Les résultats de cette expérience ont montré que les personnes disposant de réseaux sociaux plus vastes et plus diversifiés étaient, en général, moins influencées par l’illusion sonore et avaient tendance à être plus satisfaites de leur image corporelle et à présenter moins de symptômes de troubles alimentaires. À l’inverse, les effets modifiés des pas étaient plus intenses chez les personnes ayant des réseaux sociaux plus restreints, ce qui permet de conclure que la perception du corps et sa malléabilité ne dépendent pas seulement des stimuli sensoriels immédiats, mais sont également influencées par la structure sociale dans laquelle la personne est intégrée.
«Les implications de notre étude sont que votre cercle d’amis conditionne la façon dont vous percevez votre propre corps. Si vous avez un cercle d’amis plus large, vous percevez votre corps de manière plus positive», commente Anxo Sánchez, chercheur au département de mathématiques de l’UC3M. «Les gens pensent que la perception de soi dépend de soi-même, mais en réalité, elle dépend du nombre de personnes qui vous soutiennent et qui vous entourent», précise Amar D’Adamo, chercheur au département d’informatique de l’UC3M et un autre des auteurs de l’étude.
Selon les chercheurs, ces résultats montrent qu’un soutien social large et diversifié renforce la stabilité de la perception de son corps et protège contre l’influence de signaux externes qui pourraient la fausser. Cette découverte ouvre à son tour la voie à de nouvelles interventions sociales visant à promouvoir une image corporelle plus positive et à atténuer les effets de la stigmatisation liée au poids.

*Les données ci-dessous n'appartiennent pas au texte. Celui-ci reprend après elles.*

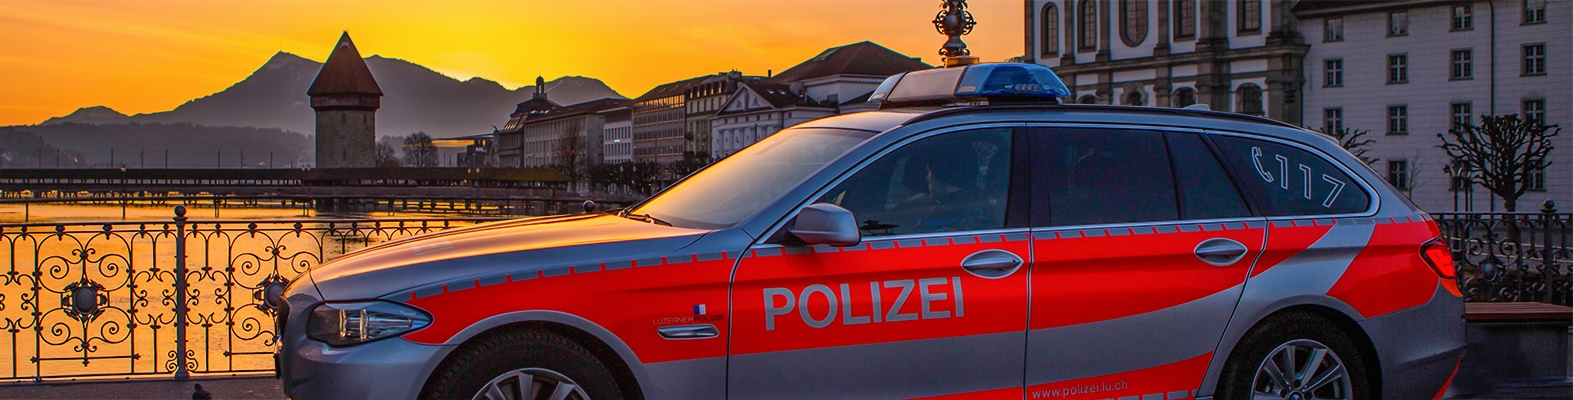 Stadt Luzern: Zwei Polizisten bei Einsätzen verletzt

De plus, l’équipe envisage l’utilité des applications mobiles pour aider les personnes susceptibles de souffrir de troubles liés à une perception négative de leur propre corps: «Au sein du laboratoire i_mBODY Lab, nous développons des technologies sensorielles qui nous permettent de modifier la perception du corps. Nous nous intéressons également beaucoup aux applications, car nous voulons comprendre comment ces technologies peuvent nous aider à soutenir les personnes», explique Ana Tajadura, responsable de l’i_mBODY Lab et chercheuse au département d’informatique de l’UC3M.
Ce travail de recherche a bénéficié du soutien du Conseil européen de la recherche (ERC grant agreement n° 101002711; projet BODYinTRANSIT), ainsi que de l’aide de la Fondation BBVA à travers son programme Fundamentos et du ministère des Sciences, de l’Innovation et des Universités à travers les projets BASIC (PID2022-141802NB-I00) et SENSEBEAT-DS (PID2023-150259OB-C21). Le projet a à son tour bénéficié du financement de l’Universidad Carlos III de Madrid et de l’Union européenne (Horizon 2020 research and innovation programme -Marie Sklodowska-Curie grant Agreement Nº 801538).